# TASK GOAL
What do the lines from the top of the data through the line with "Широкие брюки на" say? Quote them exactly and include both ends.

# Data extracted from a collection
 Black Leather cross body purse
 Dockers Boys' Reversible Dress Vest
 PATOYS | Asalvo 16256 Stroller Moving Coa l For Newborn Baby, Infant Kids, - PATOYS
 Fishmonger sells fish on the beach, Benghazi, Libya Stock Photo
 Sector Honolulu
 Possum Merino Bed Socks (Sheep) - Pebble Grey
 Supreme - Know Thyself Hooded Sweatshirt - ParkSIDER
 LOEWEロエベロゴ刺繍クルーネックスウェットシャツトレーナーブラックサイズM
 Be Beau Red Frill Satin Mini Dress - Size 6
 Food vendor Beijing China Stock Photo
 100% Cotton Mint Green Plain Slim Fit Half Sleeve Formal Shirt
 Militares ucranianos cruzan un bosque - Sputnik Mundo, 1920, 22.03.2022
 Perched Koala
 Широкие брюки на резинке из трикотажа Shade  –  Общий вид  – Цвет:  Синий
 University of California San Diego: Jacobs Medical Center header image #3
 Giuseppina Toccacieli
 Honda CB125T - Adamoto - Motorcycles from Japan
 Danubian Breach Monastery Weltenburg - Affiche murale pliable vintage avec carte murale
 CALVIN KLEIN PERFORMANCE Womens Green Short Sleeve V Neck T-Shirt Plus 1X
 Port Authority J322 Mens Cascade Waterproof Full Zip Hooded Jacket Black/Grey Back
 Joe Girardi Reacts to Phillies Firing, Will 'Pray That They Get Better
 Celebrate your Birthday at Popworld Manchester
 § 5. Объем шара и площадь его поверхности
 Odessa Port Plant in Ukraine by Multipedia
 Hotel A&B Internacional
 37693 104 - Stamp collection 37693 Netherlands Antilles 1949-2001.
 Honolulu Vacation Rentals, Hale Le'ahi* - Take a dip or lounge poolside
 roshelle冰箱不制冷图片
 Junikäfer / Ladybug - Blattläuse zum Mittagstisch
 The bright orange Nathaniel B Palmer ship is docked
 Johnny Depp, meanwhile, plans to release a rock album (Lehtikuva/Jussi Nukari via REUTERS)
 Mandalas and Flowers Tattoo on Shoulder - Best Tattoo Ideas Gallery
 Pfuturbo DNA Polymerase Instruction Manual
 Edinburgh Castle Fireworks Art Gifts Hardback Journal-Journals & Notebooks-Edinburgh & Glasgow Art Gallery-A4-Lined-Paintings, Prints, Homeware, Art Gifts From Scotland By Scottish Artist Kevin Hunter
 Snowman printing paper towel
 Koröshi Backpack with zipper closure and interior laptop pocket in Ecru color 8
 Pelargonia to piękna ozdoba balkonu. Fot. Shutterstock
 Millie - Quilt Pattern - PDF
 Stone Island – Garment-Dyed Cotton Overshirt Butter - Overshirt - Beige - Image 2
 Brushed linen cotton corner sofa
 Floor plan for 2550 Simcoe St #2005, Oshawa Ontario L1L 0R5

# RESPONSE BELOW
 Black Leather cross body purse
 Dockers Boys' Reversible Dress Vest
 PATOYS | Asalvo 16256 Stroller Moving Coa l For Newborn Baby, Infant Kids, - PATOYS
 Fishmonger sells fish on the beach, Benghazi, Libya Stock Photo
 Sector Honolulu
 Possum Merino Bed Socks (Sheep) - Pebble Grey
 Supreme - Know Thyself Hooded Sweatshirt - ParkSIDER
 LOEWEロエベロゴ刺繍クルーネックスウェットシャツトレーナーブラックサイズM
 Be Beau Red Frill Satin Mini Dress - Size 6
 Food vendor Beijing China Stock Photo
 100% Cotton Mint Green Plain Slim Fit Half Sleeve Formal Shirt
 Militares ucranianos cruzan un bosque - Sputnik Mundo, 1920, 22.03.2022
 Perched Koala
 Широкие брюки на резинке из трикотажа Shade  –  Общий вид  – Цвет:  Синий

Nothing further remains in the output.